SUPPLIED MATERIAL:

^^^^^^^^

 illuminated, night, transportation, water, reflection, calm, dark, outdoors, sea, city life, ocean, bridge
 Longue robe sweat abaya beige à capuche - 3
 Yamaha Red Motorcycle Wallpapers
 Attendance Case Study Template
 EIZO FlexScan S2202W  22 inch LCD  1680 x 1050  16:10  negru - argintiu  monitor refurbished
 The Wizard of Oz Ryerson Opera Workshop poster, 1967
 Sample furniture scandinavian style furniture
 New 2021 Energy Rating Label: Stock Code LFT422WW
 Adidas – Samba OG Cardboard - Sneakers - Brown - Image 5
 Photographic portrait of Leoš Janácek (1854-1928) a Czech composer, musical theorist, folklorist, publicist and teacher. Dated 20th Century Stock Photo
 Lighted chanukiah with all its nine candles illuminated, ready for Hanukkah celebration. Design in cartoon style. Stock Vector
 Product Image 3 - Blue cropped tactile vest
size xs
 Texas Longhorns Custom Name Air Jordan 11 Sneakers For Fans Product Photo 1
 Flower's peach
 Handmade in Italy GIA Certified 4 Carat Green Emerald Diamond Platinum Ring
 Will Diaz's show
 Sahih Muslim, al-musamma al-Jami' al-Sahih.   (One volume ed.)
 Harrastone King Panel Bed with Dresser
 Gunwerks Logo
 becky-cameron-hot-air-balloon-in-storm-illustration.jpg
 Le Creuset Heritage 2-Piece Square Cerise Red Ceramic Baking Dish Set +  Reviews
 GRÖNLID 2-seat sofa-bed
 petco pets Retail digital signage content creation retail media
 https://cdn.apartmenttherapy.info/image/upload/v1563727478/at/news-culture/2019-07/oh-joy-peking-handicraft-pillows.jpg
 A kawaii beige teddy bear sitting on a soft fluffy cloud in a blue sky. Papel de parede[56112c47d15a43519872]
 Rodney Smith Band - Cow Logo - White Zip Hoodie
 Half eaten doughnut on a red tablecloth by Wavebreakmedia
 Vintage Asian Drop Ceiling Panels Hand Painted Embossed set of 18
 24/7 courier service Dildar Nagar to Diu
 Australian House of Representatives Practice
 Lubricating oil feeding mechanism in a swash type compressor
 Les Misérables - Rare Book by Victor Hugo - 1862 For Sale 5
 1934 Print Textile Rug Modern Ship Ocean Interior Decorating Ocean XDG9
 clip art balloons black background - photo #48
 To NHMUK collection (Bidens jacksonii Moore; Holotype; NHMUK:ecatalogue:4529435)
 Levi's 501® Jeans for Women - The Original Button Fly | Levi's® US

^^^^^^^^

YOUR INSTRUCTIONS: Nothing outside the span should appear: transcribe the lines from the one containing "Vintage Asian Drop" through the last line of the records.

RESPONSE AREA:
 Vintage Asian Drop Ceiling Panels Hand Painted Embossed set of 18
 24/7 courier service Dildar Nagar to Diu
 Australian House of Representatives Practice
 Lubricating oil feeding mechanism in a swash type compressor
 Les Misérables - Rare Book by Victor Hugo - 1862 For Sale 5
 1934 Print Textile Rug Modern Ship Ocean Interior Decorating Ocean XDG9
 clip art balloons black background - photo #48
 To NHMUK collection (Bidens jacksonii Moore; Holotype; NHMUK:ecatalogue:4529435)
 Levi's 501® Jeans for Women - The Original Button Fly | Levi's® US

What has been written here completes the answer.